Fare una stima della percentuale di coppie infertili nel mondo e in Italia risulta particolarmente problematico, anche a causa delle inevitabili difficoltà che comporta quantificare le nuove coppie che si formano di continuo fuori dal matrimonio e che non è possibile censire.

Il dato più attendibile proviene dall’Organizzazione Mondiale della Sanità, che stima come nei paesi industrializzati circa il 10-20% delle coppie soffra di problemi di fertilità.

Per quanto riguarda l’infertilità maschile in Italia, un dato certo è che nonostante negli ultimi anni gli uomini abbiano preso maggior coscienza del loro ruolo primario nelle difficoltà legate al concepimento, la quasi totalità della popolazione maschile (90%) non fa prevenzione e non consulta un andrologo preventivamente. Questo è un dato allarmante considerando che molti casi d’infertilità maschile hanno origine da patologie uro-genitali e in molti casi prevenzione e cura risolverebbero facilmente il problema.

Un altro dato rilevante è che il 50% degli uomini italiani non si sottopone ad alcuna visita andrologica, nemmeno a seguito di diagnosi di infertilità, la quale viene presa in considerazione da parte degli uomini solo nel momento in cui cercano un figlio.

In alcuni casi le cause dell’infertilità maschile risalgono all’età pediatrica, mentre la diagnosi coincide quasi sempre con l’emergere, in età adulta, delle difficoltà di concepimento.
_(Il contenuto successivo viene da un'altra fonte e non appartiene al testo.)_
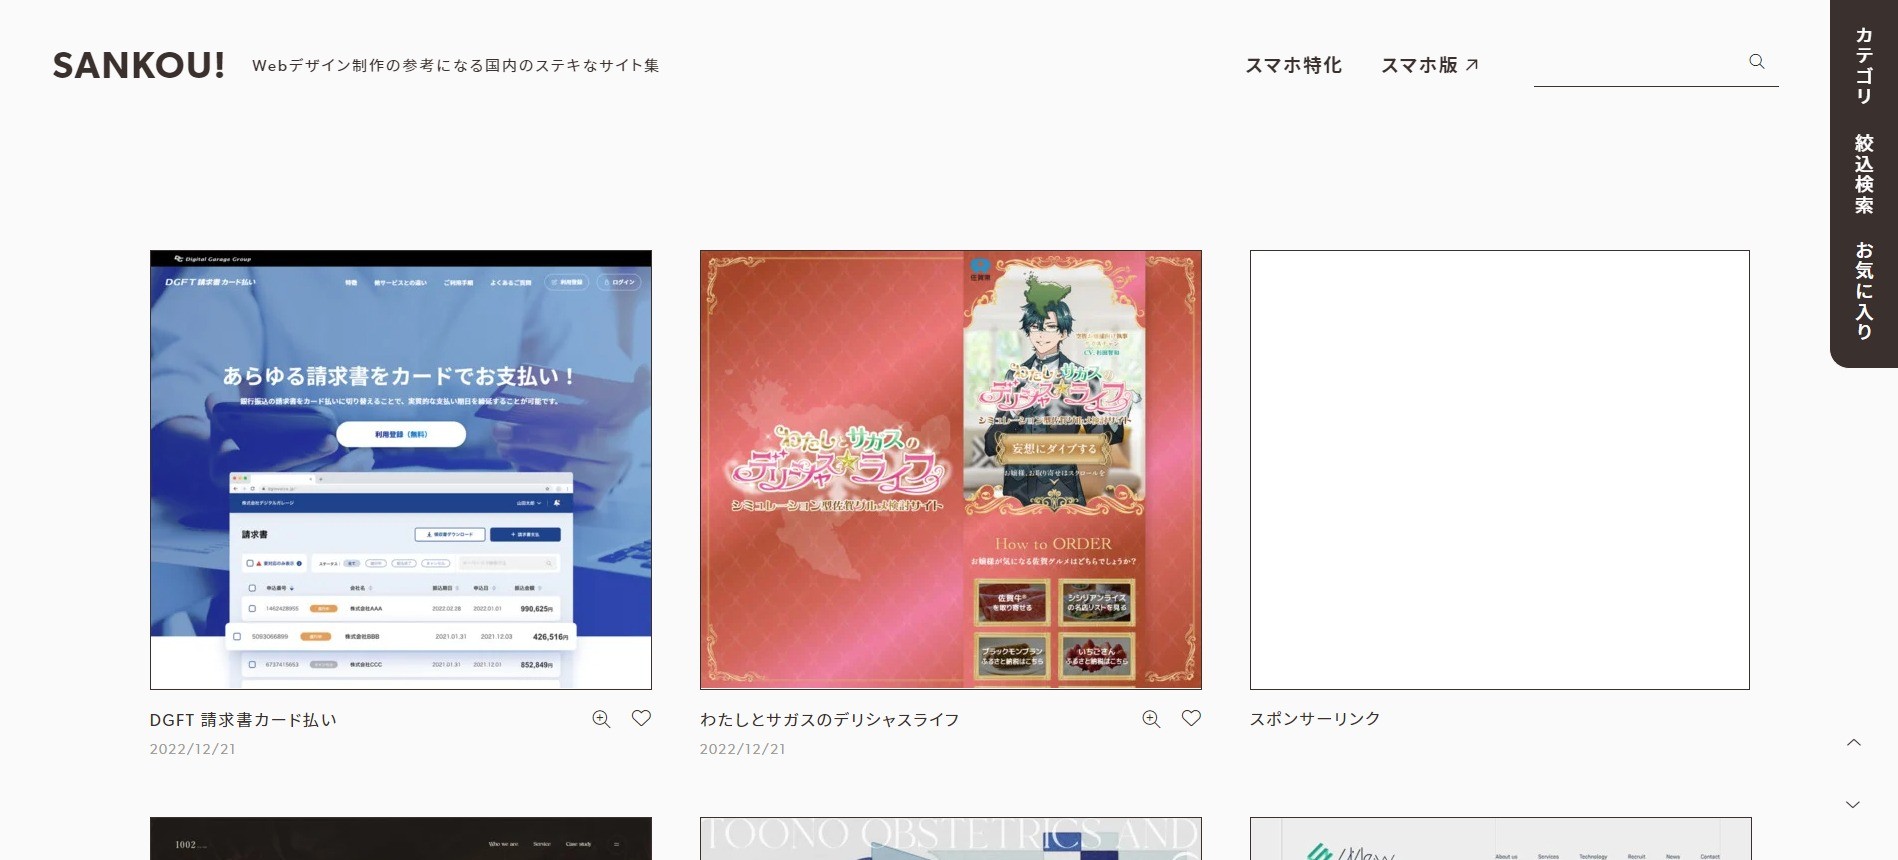 インフォグラフィックの例をまとめたサイト　SANKOU!

Individuare le cause risulta allora difficile e l’unico elemento diagnostico facilmente riconoscibile rimane l’alterazione del liquido seminale.

Per un primo inquadramento dell’infertilità maschile è quindi obbligatorio effettuare almeno due valutazioni del liquido seminale: la valutazione delle caratteristiche degli spermatozoi e quella del liquido seminale.

L’interpretazione dei parametri dell’esame del liquido seminale, integrati con i dati clinici, rappresentano ad oggi il principale ed essenziale strumento diagnostico.

L’obiettivo del trattamento dell’infertilità maschile è quello di migliorare la qualità del seme del paziente e/o l’efficienza dei suoi spermatozoi. Il trattamento di un fattore causale o della oligozoospermia idiopatica (riduzione della concentrazione degli spermatozoi) può determinare un aumento di probabilità di concepimento naturale; inoltre può migliorare la probabilità di successo delle tecniche di fecondazione assistita o consentire di utilizzare tecniche meno aggressive: un terzo degli uomini infertili, una volta sottoposti alle cure adeguate, riesce a concepire naturalmente, mentre gli altri aumentano le possibilità di successo della fecondazione assistita.

Un corretto e tempestivo trattamento dell’uomo consente quindi di: ridurre gli interventi sulla partner e i rischi per la prole, diminuire i costi per la coppia e per la società e aumentare le reali probabilità di concepimento.